Possible choices: error, warn, silent

How should empty outputs be reported when no strains pass filtering and/or subsampling.

Default: error

Guides

Below are some examples of using augur filter to sample data.

Filtering

The filter command allows you to select various subsets of your input data for different types of analysis. A simple example use of this command would be

augur filter \
  --sequences data/sequences.fasta \
  --metadata data/metadata.tsv \
  --min-date 2012 \
  --output-sequences filtered_sequences.fasta \
  --output-metadata filtered_metadata.tsv

This command will select all sequences with collection date in 2012 or later. The filter command has a large number of options that allow flexible filtering for many common situations. One such use-case is the exclusion of sequences that are known to be outliers (e.g. because of sequencing errors, cell-culture adaptation, …). These can be specified in a separate text file (e.g. exclude.txt):

BRA/2016/FC_DQ75D1
COL/FLR_00034/2015
...

To drop such strains, you can pass the filename to --exclude:

augur filter \
  --sequences data/sequences.fasta \
  --metadata data/metadata.tsv \
  --min-date 2012 \
  --exclude exclude.txt \
  --output-sequences filtered_sequences.fasta \
  --output-metadata filtered_metadata.tsv

Subsampling within augur filter

Another common filtering operation is subsetting of data to a achieve a more even spatio-temporal distribution or to cut-down data set size to more manageable numbers. The filter command allows you to select a specific number of sequences from specific groups, for example one sequence per month from each country:

augur filter \
  --sequences data/sequences.fasta \
  --metadata data/metadata.tsv \
  --min-date 2012 \
  --exclude exclude.txt \
  --group-by country year month \
  --sequences-per-group 1 \
  --output-sequences subsampled_sequences.fasta \
  --output-metadata subsampled_metadata.tsv

Subsampling using multiple augur filter commands

There are some subsampling strategies in which a single call to augur filter does not suffice. One such strategy is “tiered subsampling”. In this strategy, mutually exclusive sets of filters, each representing a “tier”, are sampled with different subsampling rules. This is commonly used to create geographic tiers. Consider this subsampling scheme:

Sample 100 sequences from Washington state and 50 sequences from the rest of the United States.

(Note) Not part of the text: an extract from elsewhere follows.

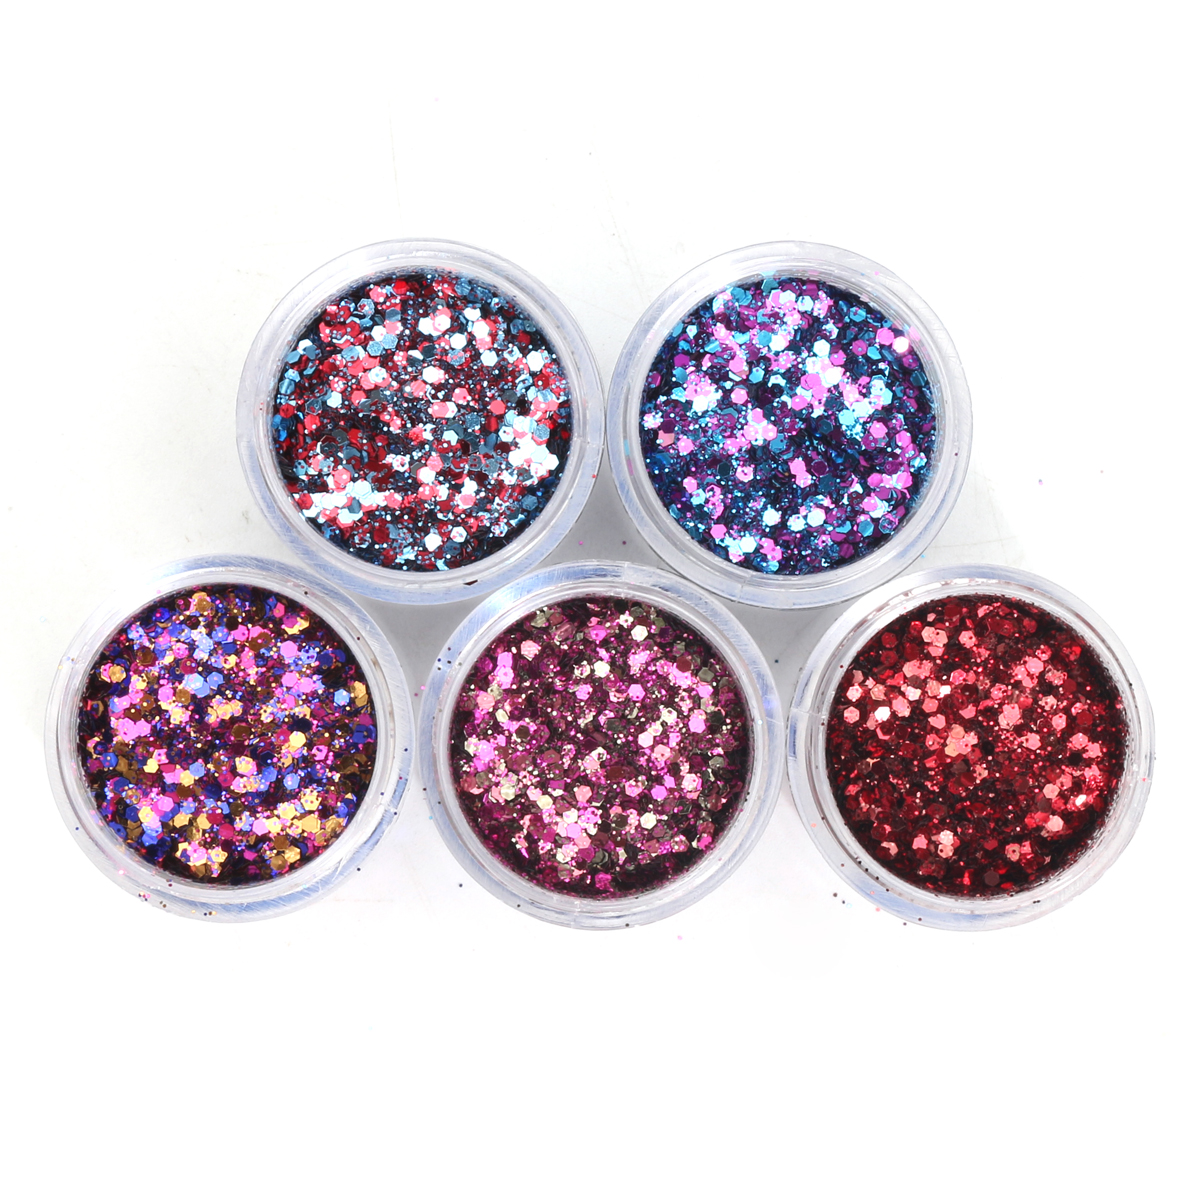 Shining-Mixed-Glitter-Powder-Sequins-Decoration--3D-Dust-Red-Purple-Halloween-Nail-Art-Ornaments-1184097

This cannot be done in a single call to augur filter. Instead, it can be decomposed into multiple schemes, each handled by a single call to augur filter. Additionally, there is an extra step to combine the intermediate samples.

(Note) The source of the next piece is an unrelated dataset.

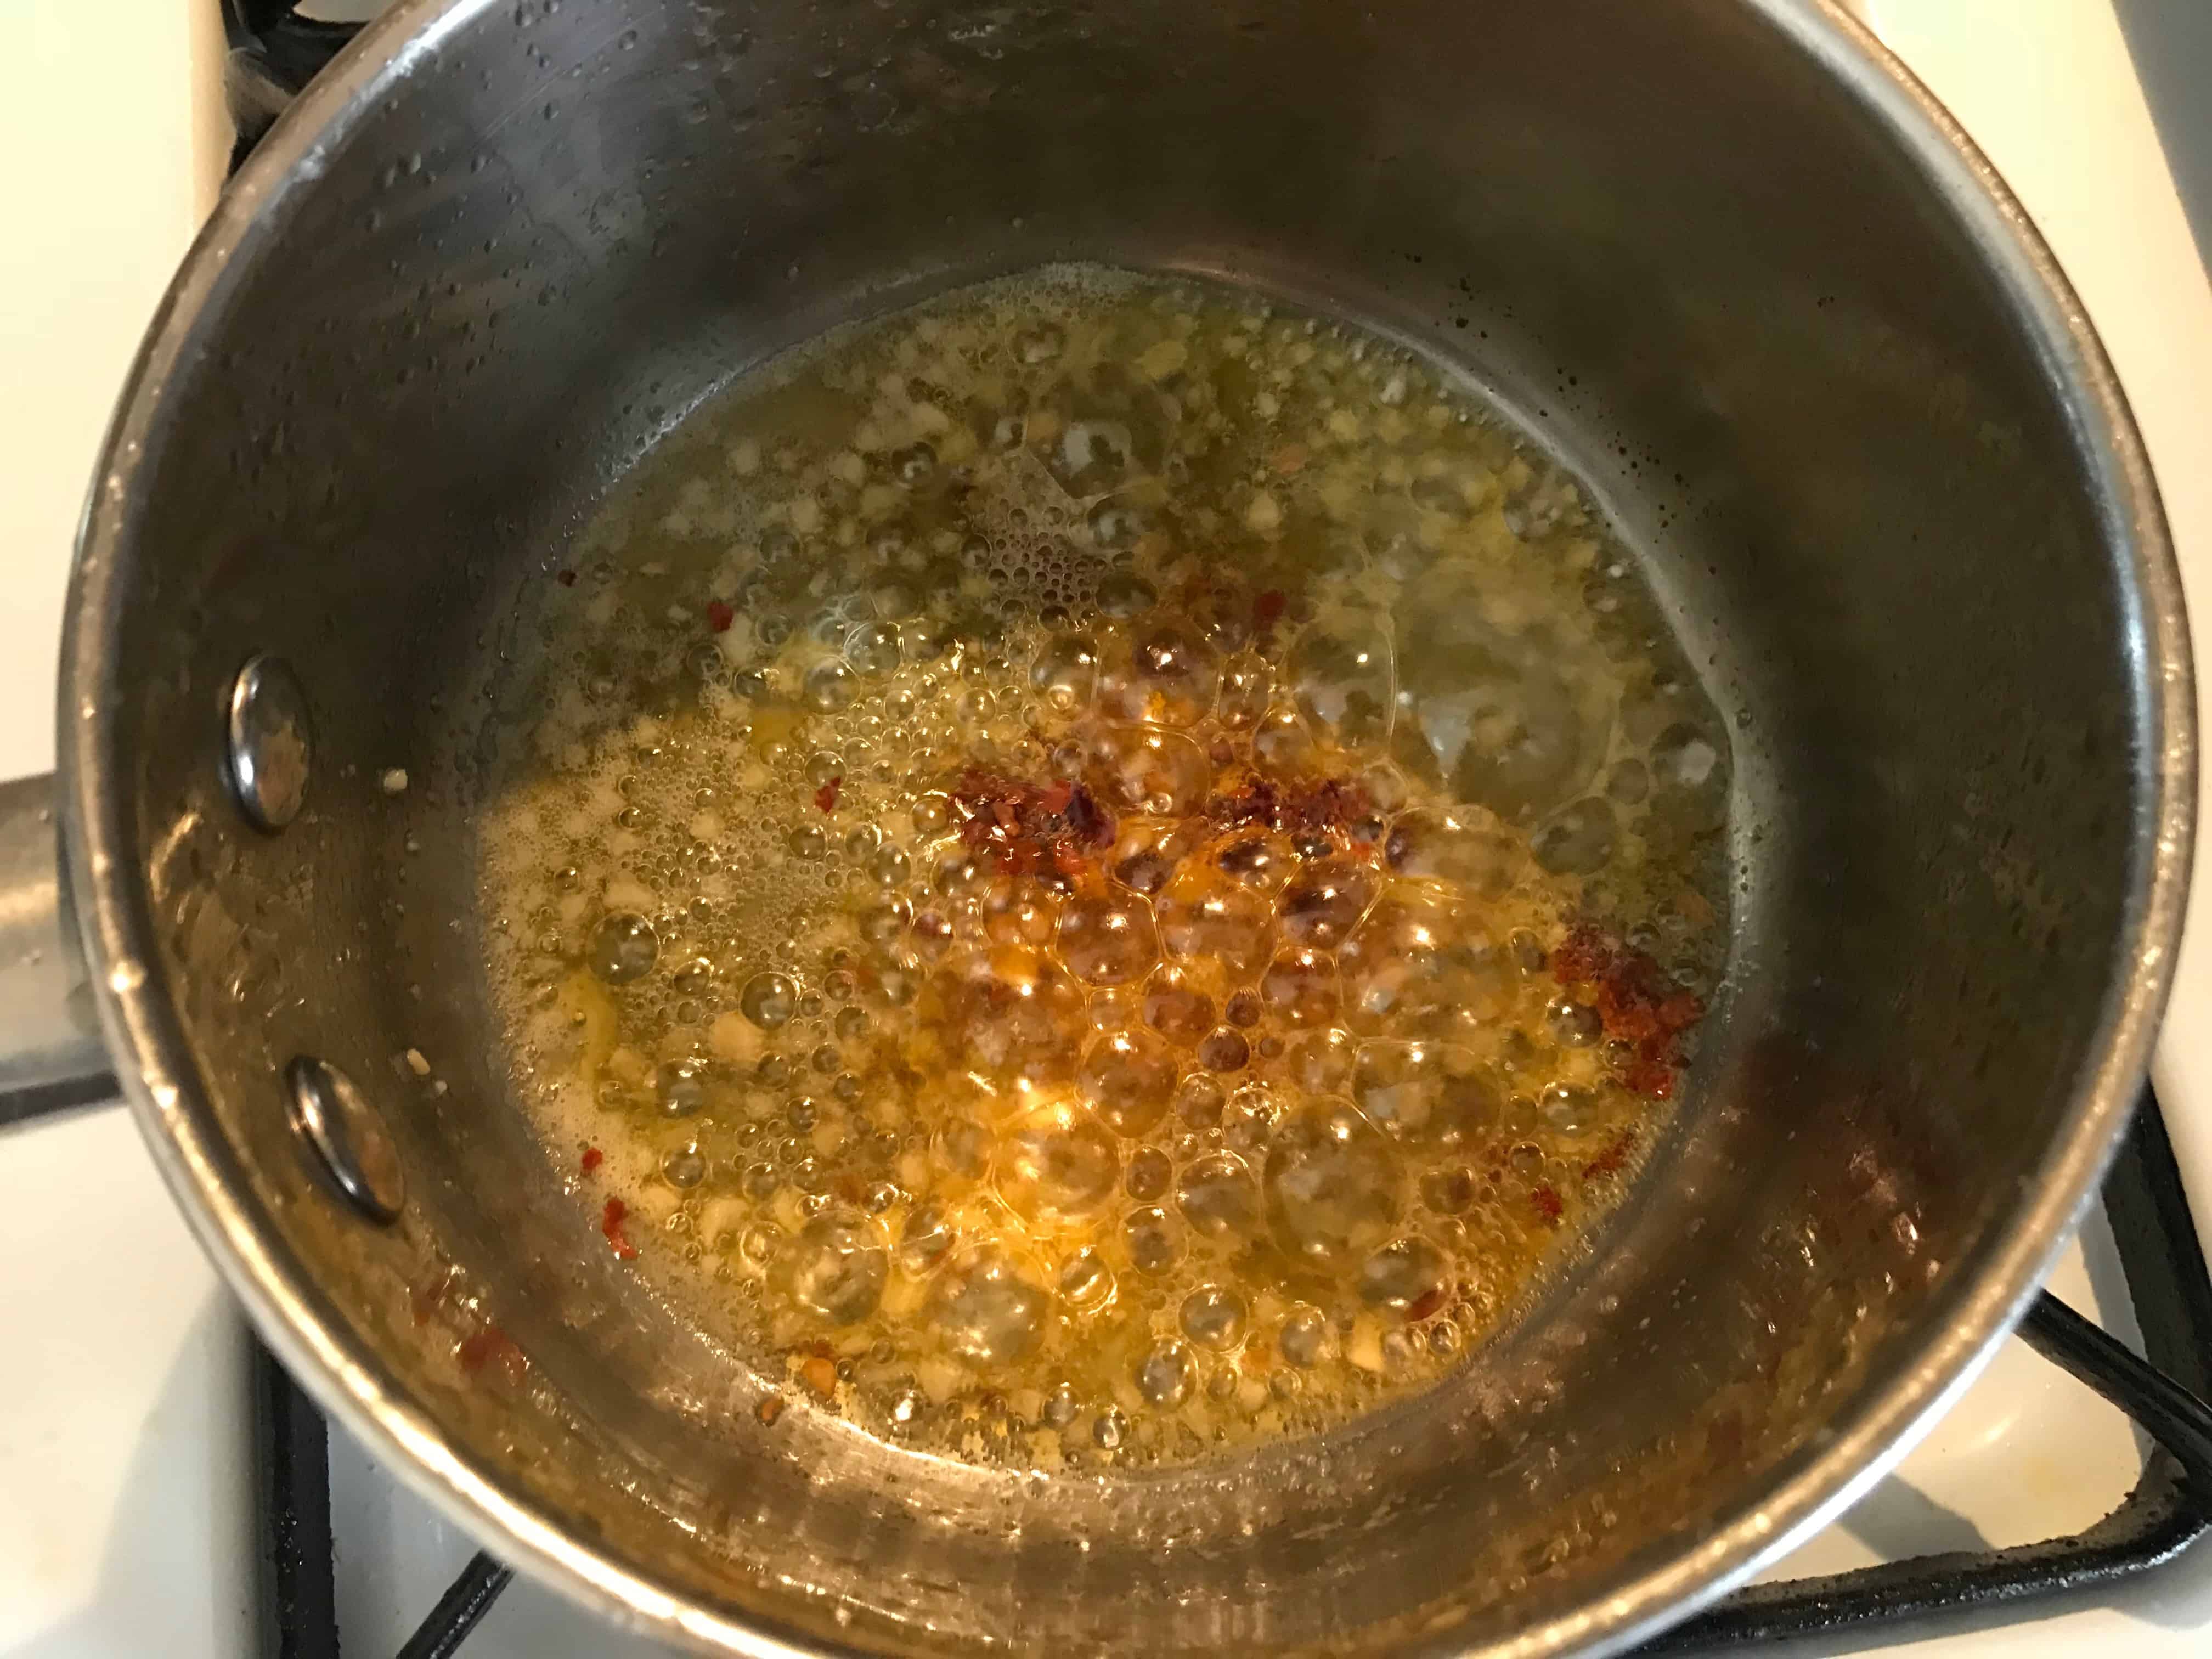 Adding garlic and seasoning to hot butter

  1. Sample 100 sequences from Washington state.

  2. Sample 50 sequences from the rest of the United States.

  3. Combine the samples.

Calling augur filter multiple times

A basic approach is to run the augur filter commands directly. This works well for ad-hoc analyses.

# 1. Sample 100 sequences from Washington state
augur filter \
  --sequences sequences.fasta \
  --metadata metadata.tsv \
  --query "state == 'WA'" \
  --subsample-max-sequences 100 \
  --output-strains sample_strains_state.txt

# 2. Sample 50 sequences from the rest of the United States
augur filter \
  --sequences sequences.fasta \
  --metadata metadata.tsv \
  --query "state != 'WA' & country == 'USA'" \
  --subsample-max-sequences 50 \
  --output-strains sample_strains_country.txt

# 3. Combine using augur filter
augur filter \
  --sequences sequences.fasta \
  --metadata metadata.tsv \
  --exclude-all \
  --include sample_strains_state.txt \
            sample_strains_country.txt \
  --output-sequences subsampled_sequences.fasta \
  --output-metadata subsampled_metadata.tsv

Each intermediate sample is represented by a strain list file obtained from --output-strains. The final step uses augur filter with --exclude-all and --include to sample the data based on the intermediate strain list files. If the same strain appears in both files, augur filter will only write it once in each of the final outputs.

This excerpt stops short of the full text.